__WORK INSTRUCTION__: Word for word, retype the lines from the one containing "Retrato de perros" to the one containing "Tvååkers David Struski" below, keeping both end lines and dropping the pictures.

__RECORDS PROVIDED__:
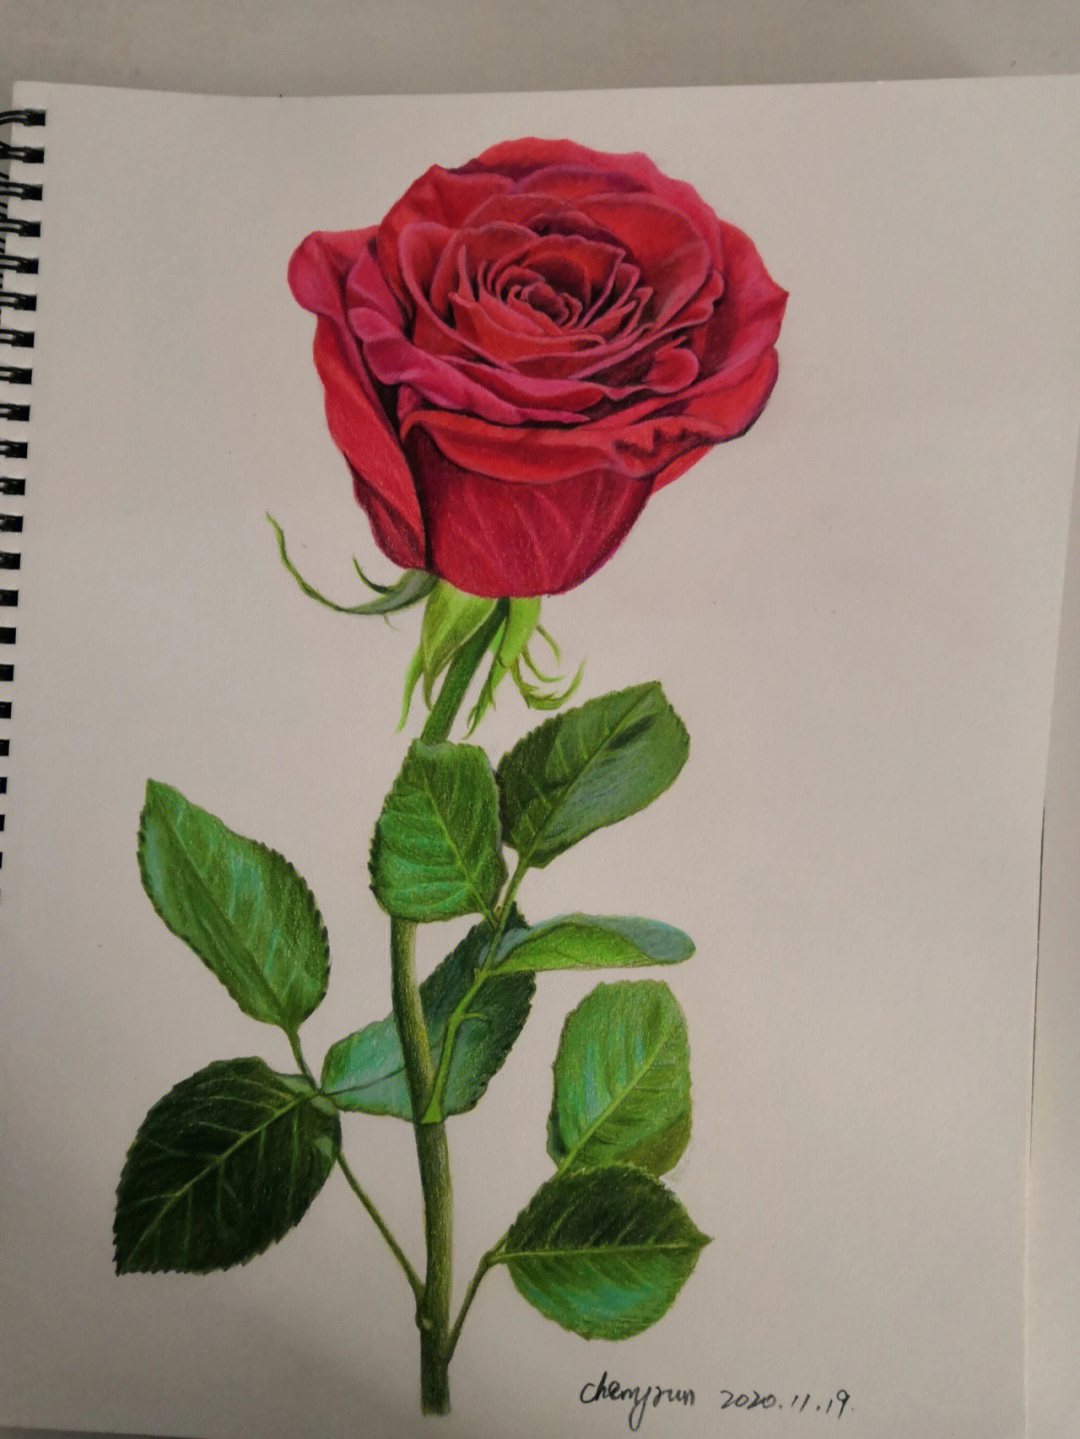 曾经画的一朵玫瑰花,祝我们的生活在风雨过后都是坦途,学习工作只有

* * *

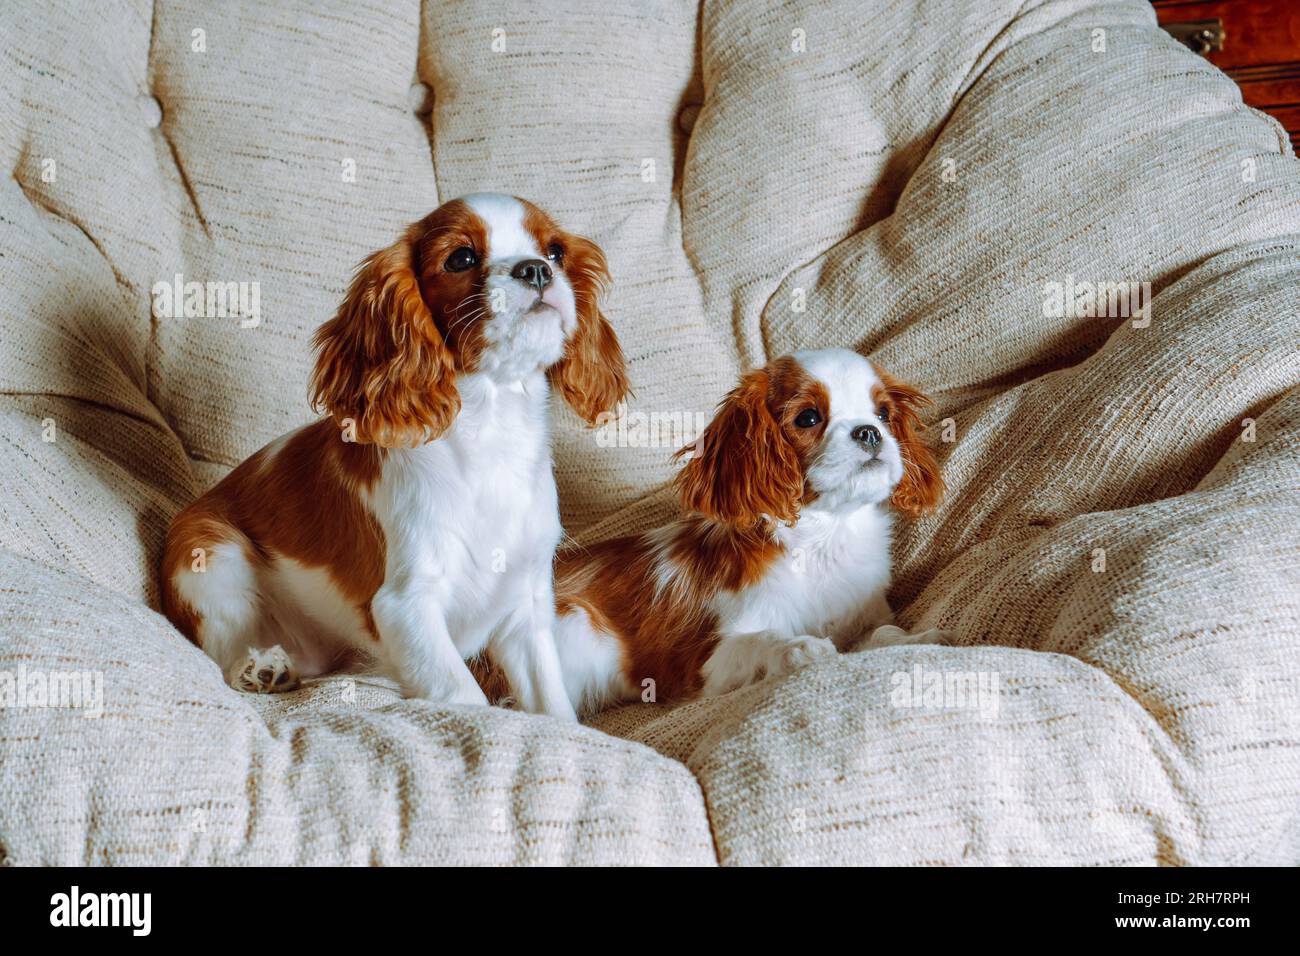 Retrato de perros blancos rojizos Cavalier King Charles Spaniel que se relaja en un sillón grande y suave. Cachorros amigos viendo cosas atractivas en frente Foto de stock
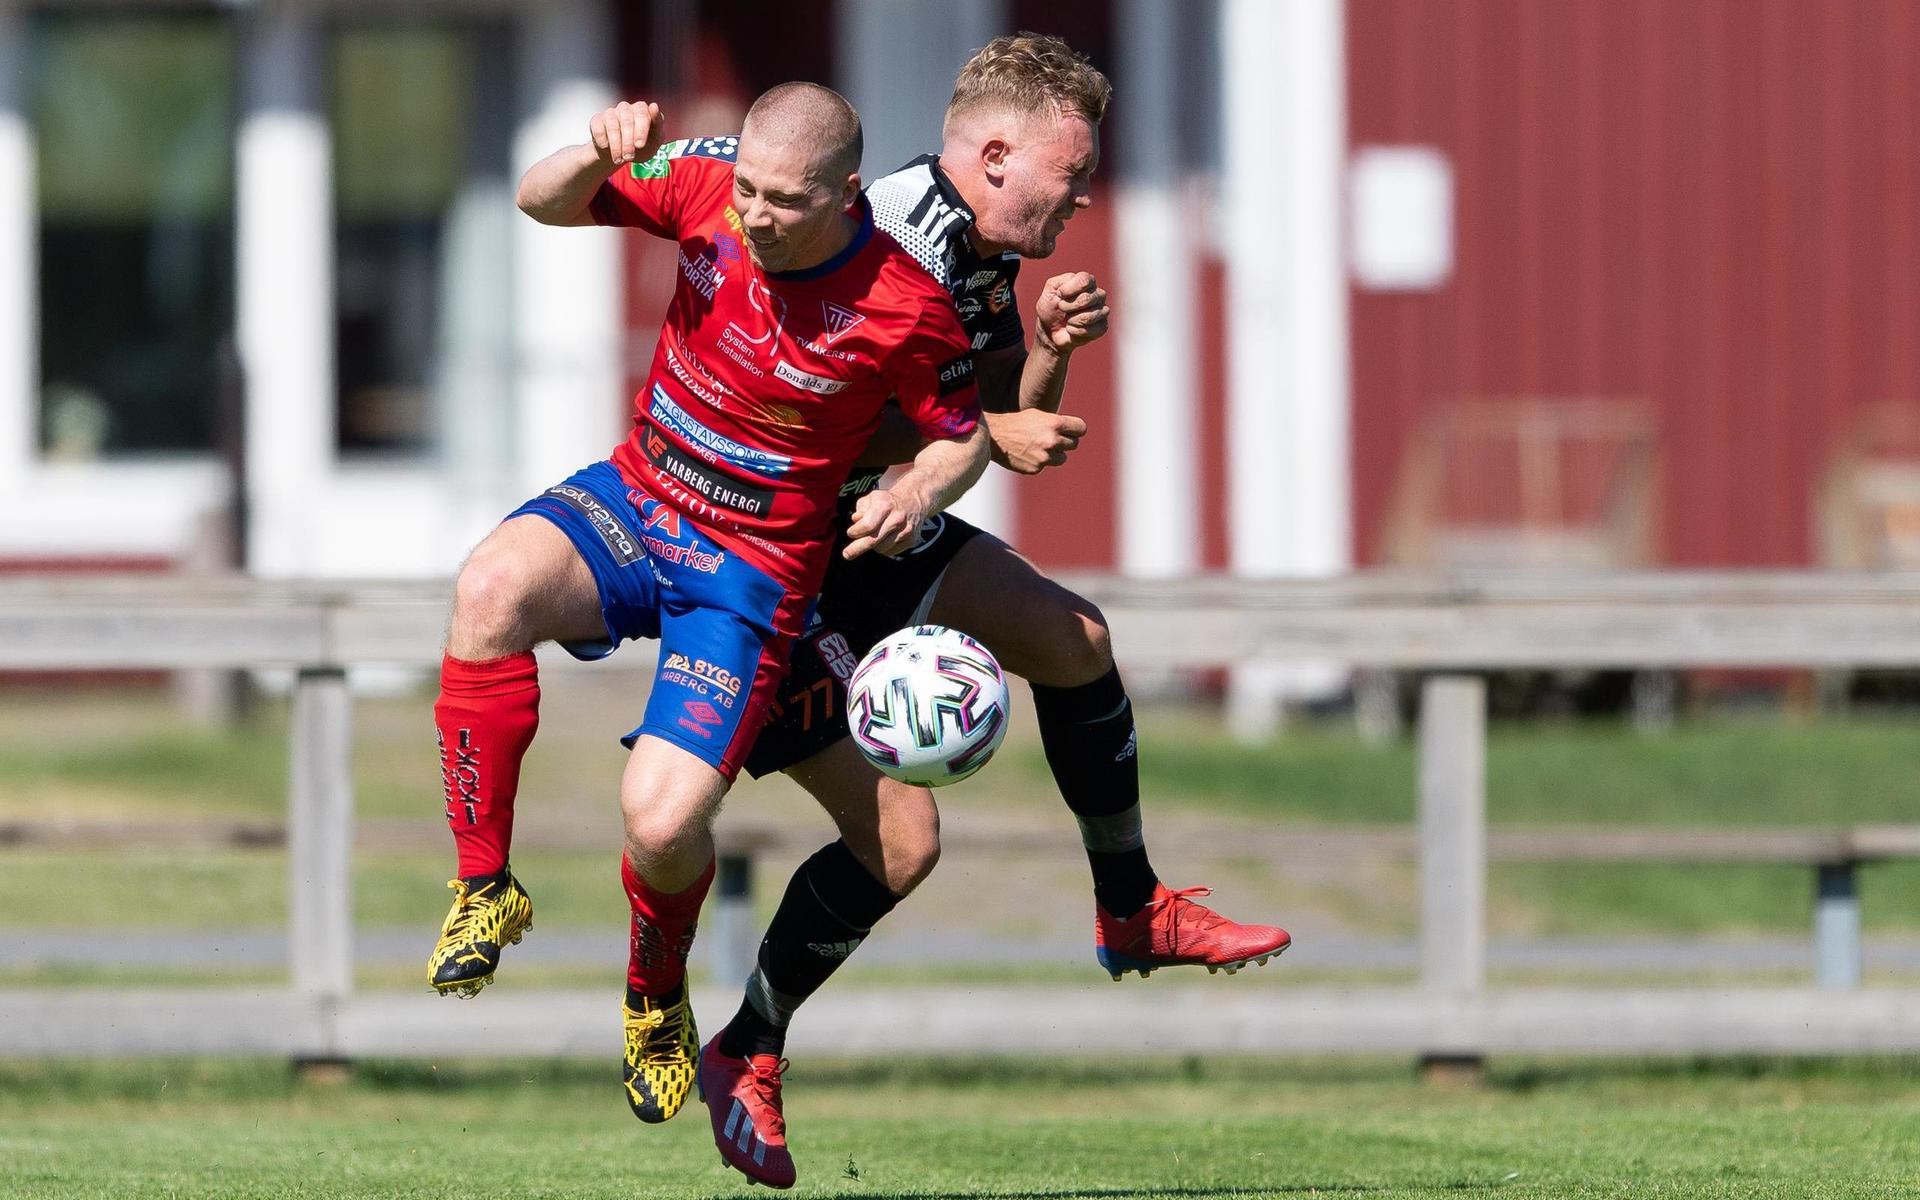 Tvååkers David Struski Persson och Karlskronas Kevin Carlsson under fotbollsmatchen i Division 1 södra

==

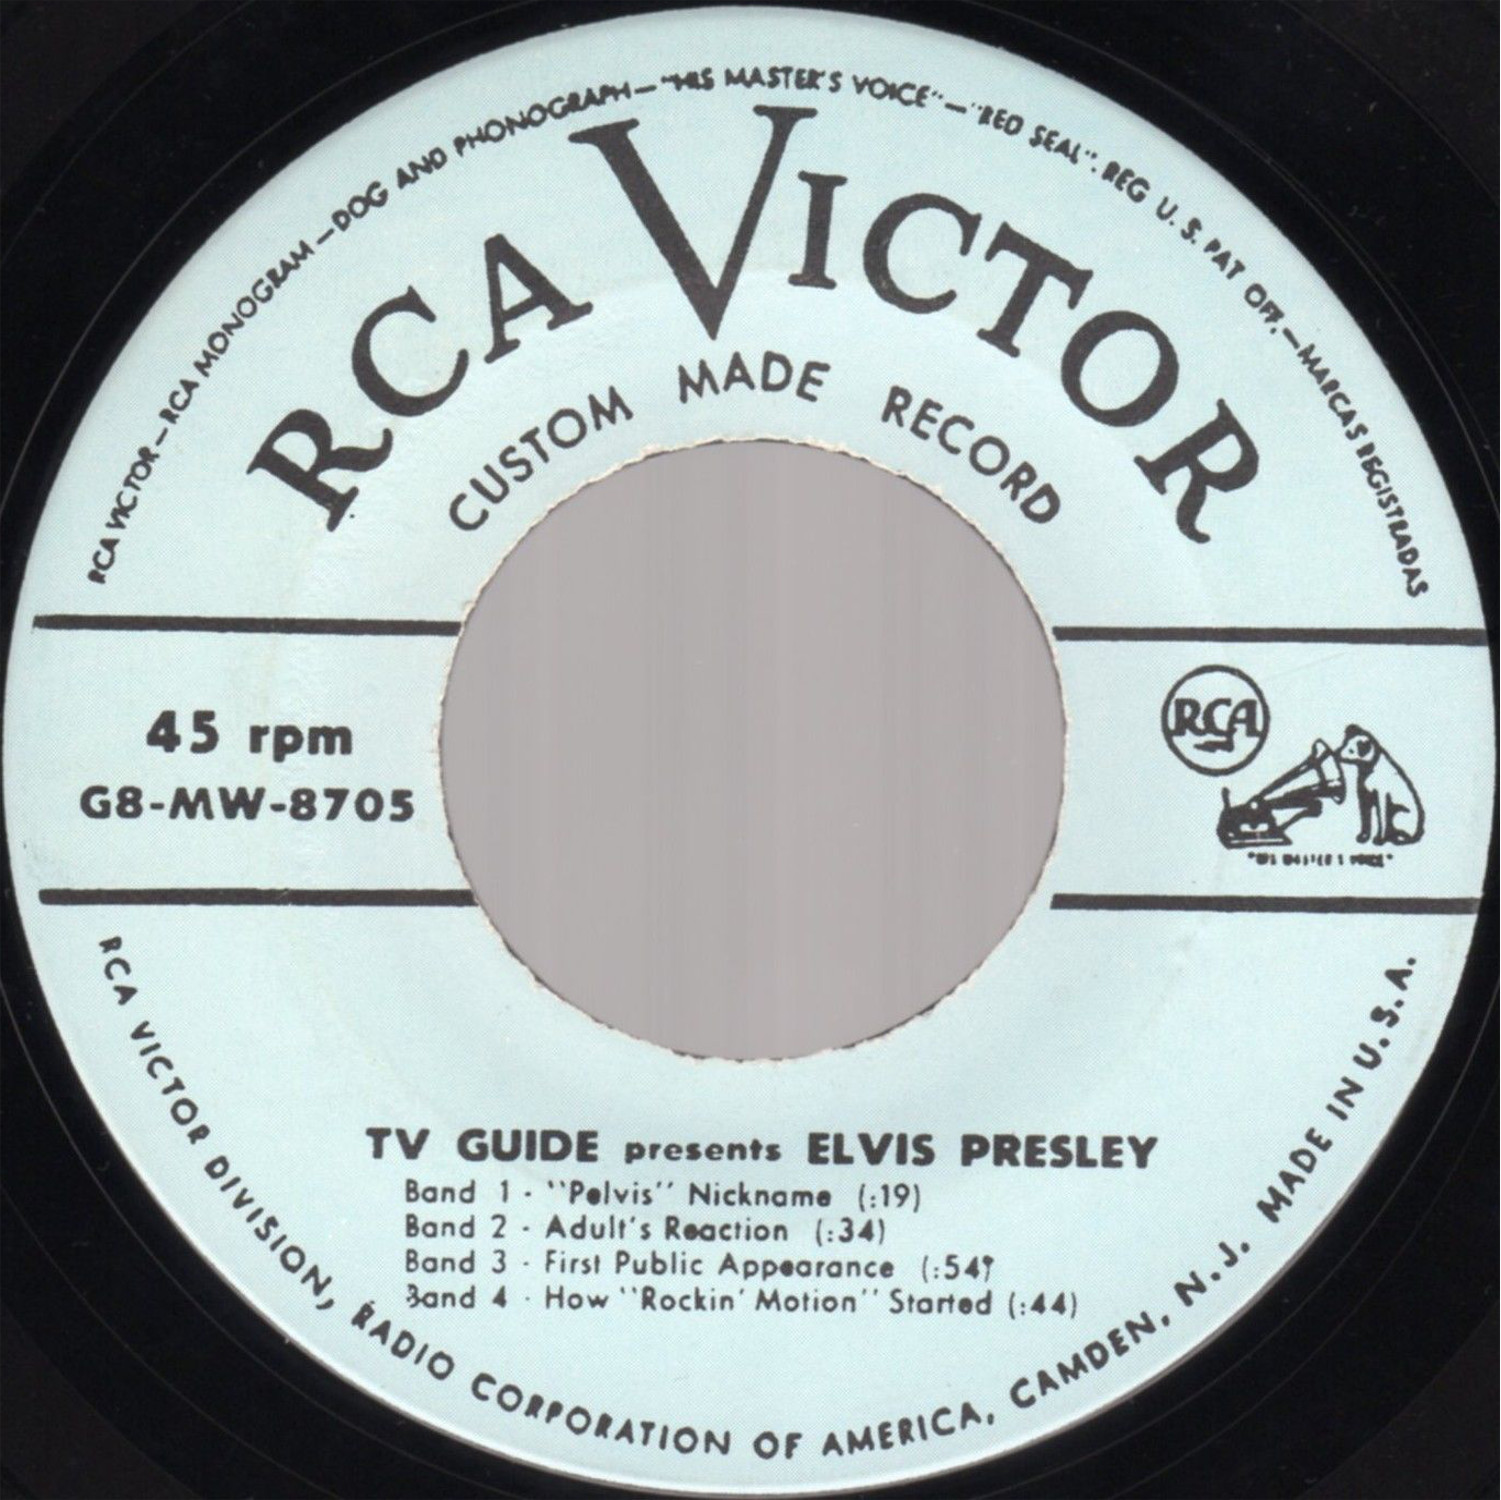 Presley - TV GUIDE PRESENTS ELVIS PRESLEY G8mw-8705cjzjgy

__THE ANSWER__:
 Retrato de perros blancos rojizos Cavalier King Charles Spaniel que se relaja en un sillón grande y suave. Cachorros amigos viendo cosas atractivas en frente Foto de stock
 Tvååkers David Struski Persson och Karlskronas Kevin Carlsson under fotbollsmatchen i Division 1 södra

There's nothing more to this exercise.